I think RC2 made a bad decision. It will certainly weaken this board. It also hints that RC2 is not interested in Aurora repops and their improvements anymore. 
The refit is still planned for release but with this major change would it have been the same? 

Now on the bright spot I saw and held the cool box to the Enterprise refit, I bought a cool convention exclusive Marvel flicker ring, I saw a built up of the NX-01, creepster cars were visually interesting, no refit test shots are back yet, NX-01 sold well so we may see a 350 Enterprise TOS but with the above news, would the quality control have been the same?


----------



## The Batman (Mar 21, 2000)

Does this really come as a surprise to anyone?

- GJS


----------



## phrankenstign (Nov 29, 1999)

Bottom line: You're telling us not to expect any more improved Aurora repops, right?

Is that it?


----------



## Steve CultTVman Iverson (Jan 1, 1970)

you gotta love totally cryptic posts like that.


----------



## Dr. Brad (Oct 5, 1999)

BatToys said:


> The refit is still planned for release but with this major change would it have been the same?

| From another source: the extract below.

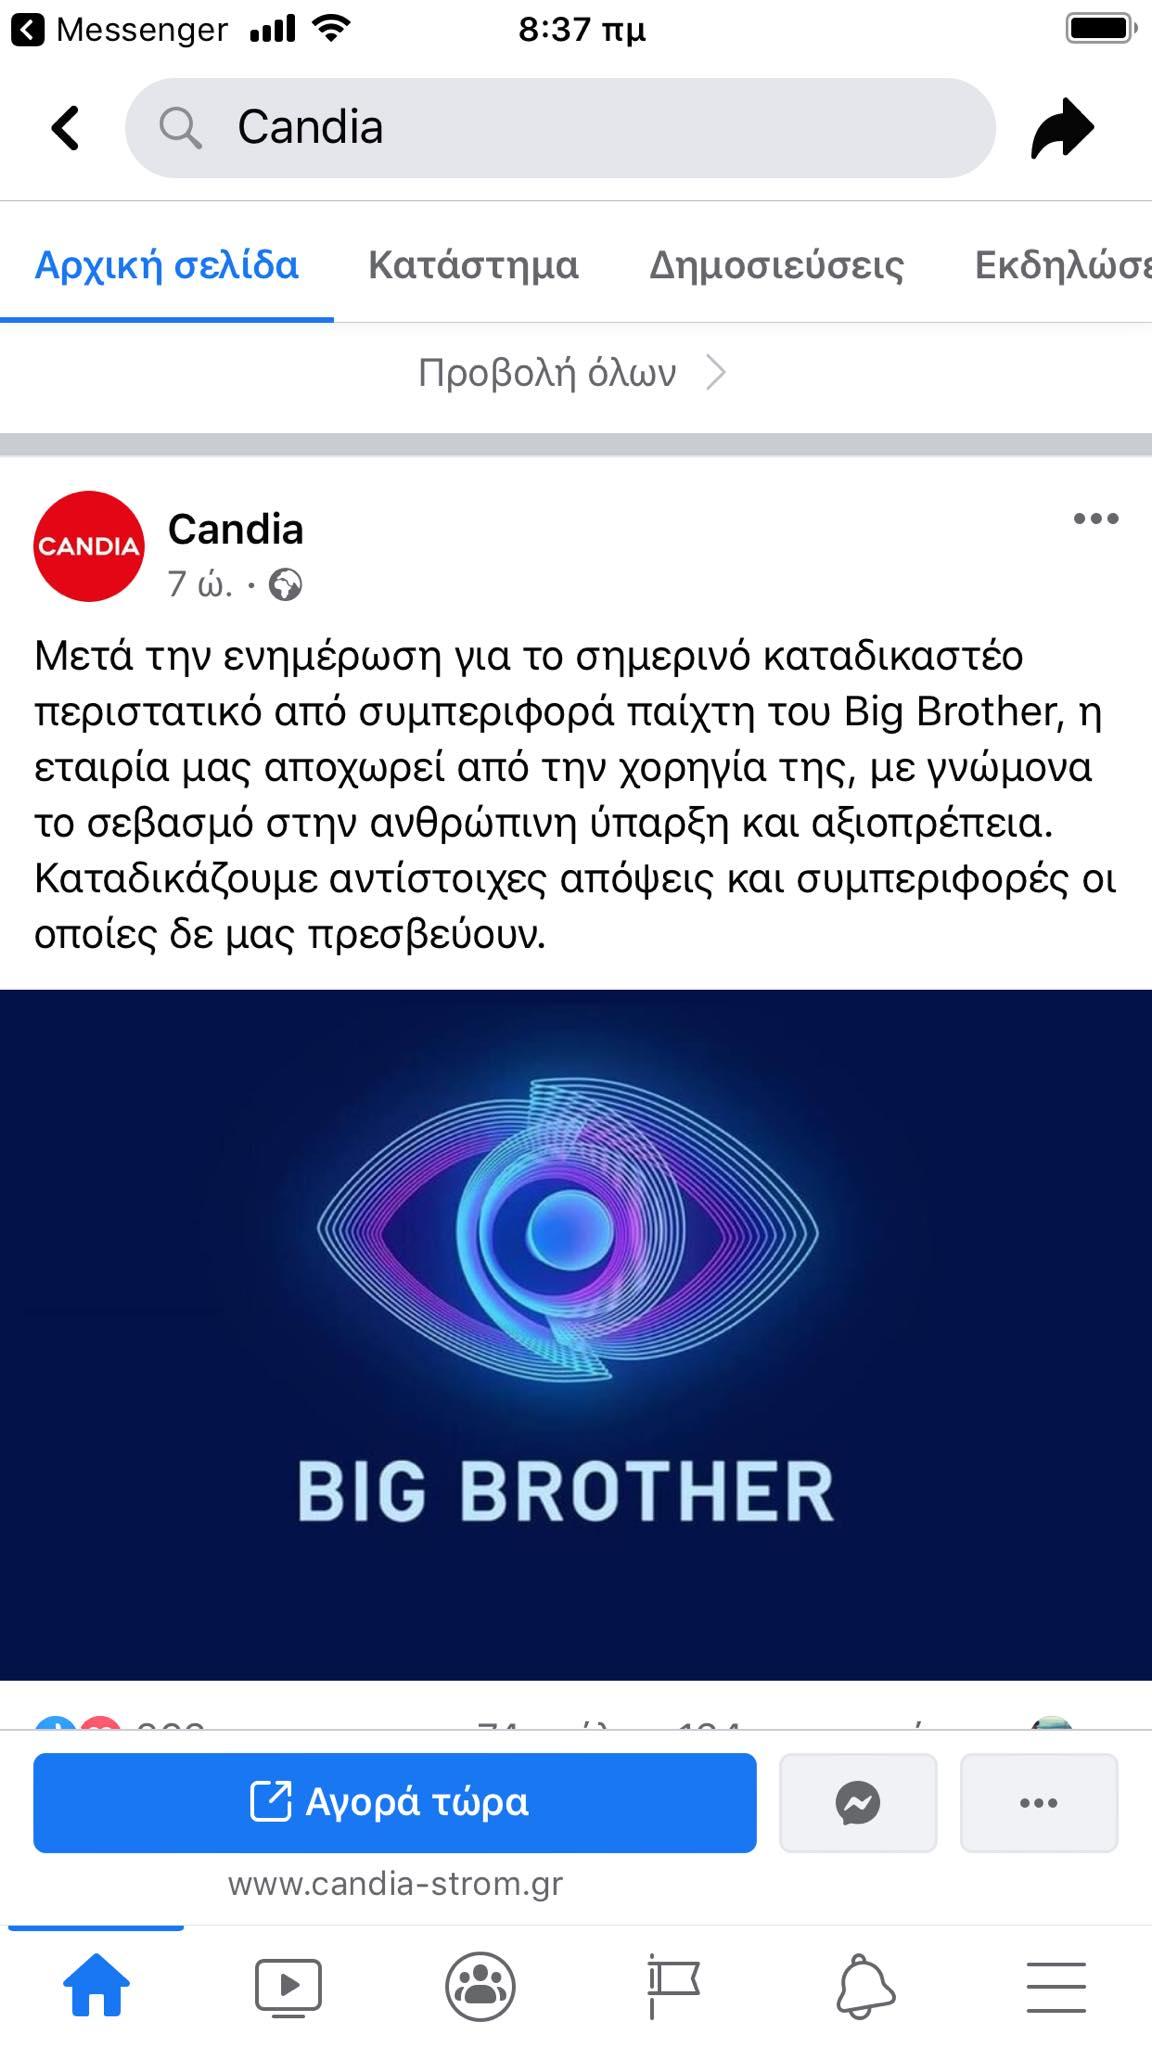 200907091349_xorigos_big_brother2_0709

Could you please explain this sentence? I'm not quite sure what you're trying to say here!

Brad.


----------



## BatToys (Feb 4, 2002)

phrankenstign said:


> Bottom line: You're telling us not to expect any more improved Aurora repops, right?
> 
> Is that it?


If it was just that, in comparison that would be a minor thing. I think it's something we would all be disappointed about. And that would be a compliment.


----------



## BatToys (Feb 4, 2002)

Dr. Brad said:


> Could you please explain this sentence? I'm not quite sure what you're trying to say here!
> 
> Brad.


Imagine if Ertl was now in charge of the refit, which was the impression I was given.
Worse case scenario: Will they give the same attention to detail?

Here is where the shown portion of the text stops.